(Exercise): Each record that follows must be reproduced exactly.

(Extracted entries):
##########

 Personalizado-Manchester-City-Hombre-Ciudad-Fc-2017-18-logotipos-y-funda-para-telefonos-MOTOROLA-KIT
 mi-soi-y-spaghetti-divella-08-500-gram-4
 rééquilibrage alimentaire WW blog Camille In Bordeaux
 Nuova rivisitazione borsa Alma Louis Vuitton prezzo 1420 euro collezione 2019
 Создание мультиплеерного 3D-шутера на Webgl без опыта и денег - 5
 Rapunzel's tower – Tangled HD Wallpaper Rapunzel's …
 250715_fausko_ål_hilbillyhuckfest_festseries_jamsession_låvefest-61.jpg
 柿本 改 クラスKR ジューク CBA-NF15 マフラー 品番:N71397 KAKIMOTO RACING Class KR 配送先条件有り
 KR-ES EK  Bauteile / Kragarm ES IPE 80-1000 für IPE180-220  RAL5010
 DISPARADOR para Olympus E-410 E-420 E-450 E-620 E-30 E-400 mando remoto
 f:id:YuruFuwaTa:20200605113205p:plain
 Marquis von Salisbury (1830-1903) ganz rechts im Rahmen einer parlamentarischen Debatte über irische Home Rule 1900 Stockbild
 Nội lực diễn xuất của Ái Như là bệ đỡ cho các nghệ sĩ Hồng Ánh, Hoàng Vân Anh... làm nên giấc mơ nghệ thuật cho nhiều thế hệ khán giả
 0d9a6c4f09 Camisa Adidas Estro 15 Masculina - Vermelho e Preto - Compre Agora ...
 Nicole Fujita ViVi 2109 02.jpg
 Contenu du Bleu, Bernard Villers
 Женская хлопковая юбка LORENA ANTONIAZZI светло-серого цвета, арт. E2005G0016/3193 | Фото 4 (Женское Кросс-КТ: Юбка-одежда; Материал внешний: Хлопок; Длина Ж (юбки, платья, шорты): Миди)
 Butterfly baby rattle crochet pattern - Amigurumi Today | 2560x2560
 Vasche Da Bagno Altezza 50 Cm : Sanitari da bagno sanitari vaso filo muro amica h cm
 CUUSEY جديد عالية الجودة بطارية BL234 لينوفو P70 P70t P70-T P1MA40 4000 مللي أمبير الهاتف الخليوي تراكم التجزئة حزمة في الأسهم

##########

(Written answer):
 Personalizado-Manchester-City-Hombre-Ciudad-Fc-2017-18-logotipos-y-funda-para-telefonos-MOTOROLA-KIT
 mi-soi-y-spaghetti-divella-08-500-gram-4
 rééquilibrage alimentaire WW blog Camille In Bordeaux
 Nuova rivisitazione borsa Alma Louis Vuitton prezzo 1420 euro collezione 2019
 Создание мультиплеерного 3D-шутера на Webgl без опыта и денег - 5
 Rapunzel's tower – Tangled HD Wallpaper Rapunzel's …
 250715_fausko_ål_hilbillyhuckfest_festseries_jamsession_låvefest-61.jpg
 柿本 改 クラスKR ジューク CBA-NF15 マフラー 品番:N71397 KAKIMOTO RACING Class KR 配送先条件有り
 KR-ES EK  Bauteile / Kragarm ES IPE 80-1000 für IPE180-220  RAL5010
 DISPARADOR para Olympus E-410 E-420 E-450 E-620 E-30 E-400 mando remoto
 f:id:YuruFuwaTa:20200605113205p:plain
 Marquis von Salisbury (1830-1903) ganz rechts im Rahmen einer parlamentarischen Debatte über irische Home Rule 1900 Stockbild
 Nội lực diễn xuất của Ái Như là bệ đỡ cho các nghệ sĩ Hồng Ánh, Hoàng Vân Anh... làm nên giấc mơ nghệ thuật cho nhiều thế hệ khán giả
 0d9a6c4f09 Camisa Adidas Estro 15 Masculina - Vermelho e Preto - Compre Agora ...
 Nicole Fujita ViVi 2109 02.jpg
 Contenu du Bleu, Bernard Villers
 Женская хлопковая юбка LORENA ANTONIAZZI светло-серого цвета, арт. E2005G0016/3193 | Фото 4 (Женское Кросс-КТ: Юбка-одежда; Материал внешний: Хлопок; Длина Ж (юбки, платья, шорты): Миди)
 Butterfly baby rattle crochet pattern - Amigurumi Today | 2560x2560
 Vasche Da Bagno Altezza 50 Cm : Sanitari da bagno sanitari vaso filo muro amica h cm
 CUUSEY جديد عالية الجودة بطارية BL234 لينوفو P70 P70t P70-T P1MA40 4000 مللي أمبير الهاتف الخليوي تراكم التجزئة حزمة في الأسهم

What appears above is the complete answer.